So What’s Low Carb? Chapter 4 Part 9

Articles - Dr. Bernstein Shares His Insights

Do vitamins and minerals make a difference in carb counting, Richard K. Bernstein, M.D., F.A.C.E., F.A.C.N., C.W.S explains this in part 9 of the So What’s a Carb.

The Diabetes Diet
Richard K. Bernstein, M.D., F.A.C.E., F.A.C.N., C.W.S.

Chapter 4
HOW DO PEOPLE REACT
TO THE NEW DIET?

Most of my patients initially feel somewhat deprived, but they are also grateful to feel more alert and healthier —sometimes more so than they have in years. I fall into this category myself. My mouth waters whenever I pass a bakery shop and sniff the aroma of fresh bread, but I am also grateful simply to be alive and sniffing.

Part 9 of Chapter 4
So What’s Low Carb?
(Con’t)

See all parts here

VITAMIN AND MINERAL SUPPLEMENTS

It is common practice to prescribe supplementary vitamins and minerals for diabetics.
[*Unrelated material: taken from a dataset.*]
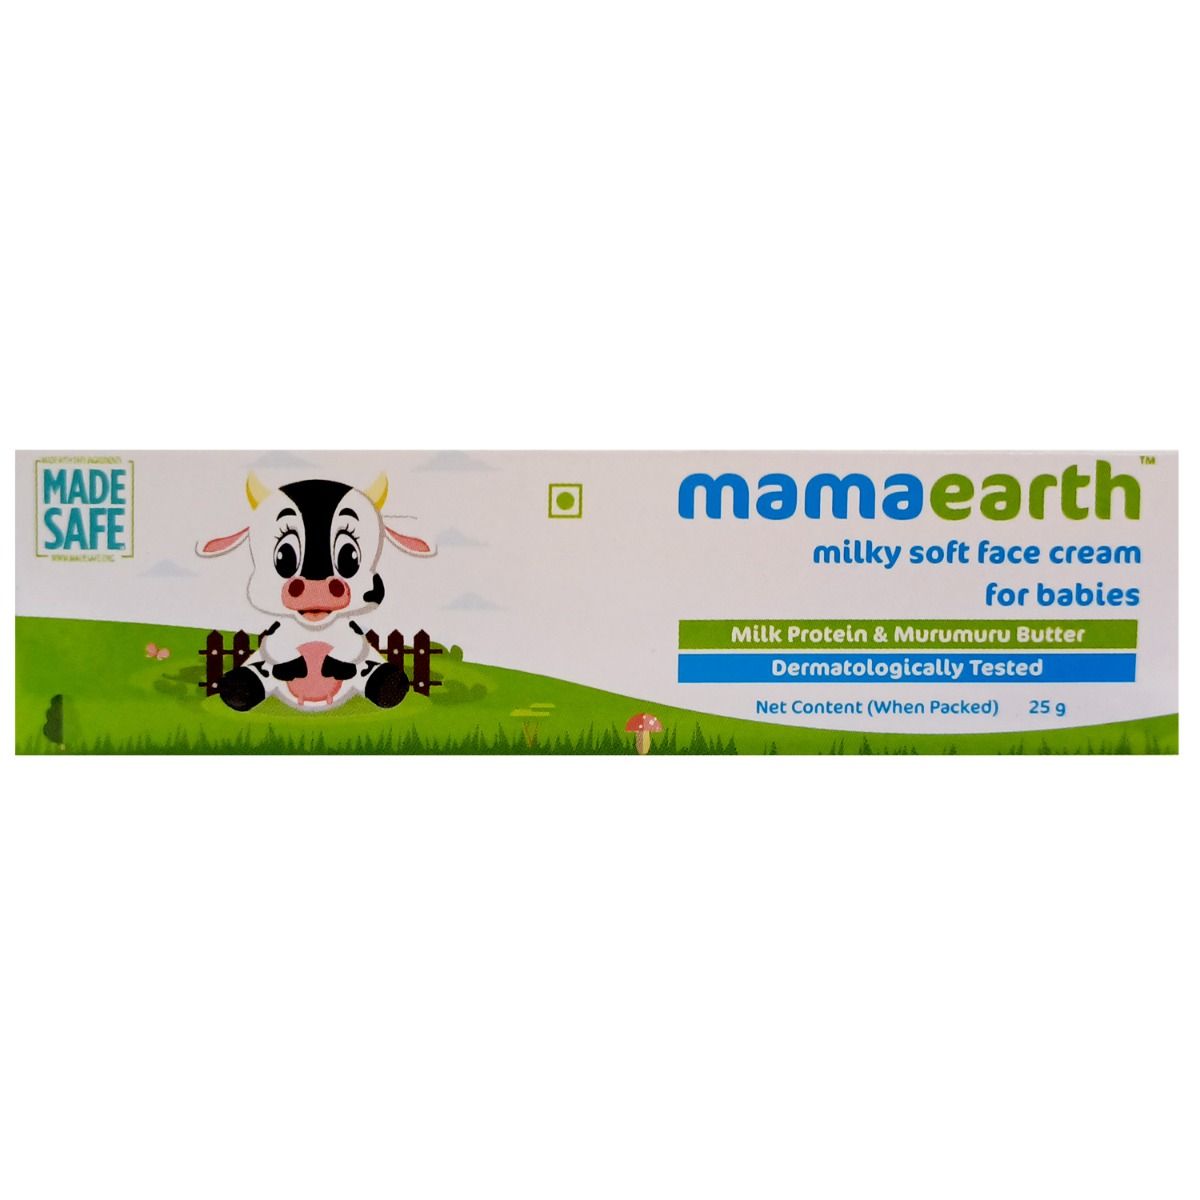 Buy Mamaearth Milky Soft Face Cream Babies, 25 gm Online

This is primarily because most diabetics have chronically high blood sugars and therefore urinate a lot. Excessive urination causes a loss of water-soluble vitamins and minerals. If you can keep your blood sugars low enough to avoid spilling glucose into the urine (you can test it with Clinistix or Diastix), and if you eat a variety of vegetables, and red meat at least once or twice a week, you should not require supplements. Note, however, that major dietary sources of B-complex vitamins (folic acid is one of these) include “fortified” or supplemented breads and grains in the United States. If you’re following a low carbohydrate diet and therefore exclude these from your meal plan, you should eat some bean sprouts, spinach, broccoli, brussels sprouts, or cauliflower each day. If you do not like vegetables, you might take a B-complex capsule or a multivitamin/mineral capsule each day.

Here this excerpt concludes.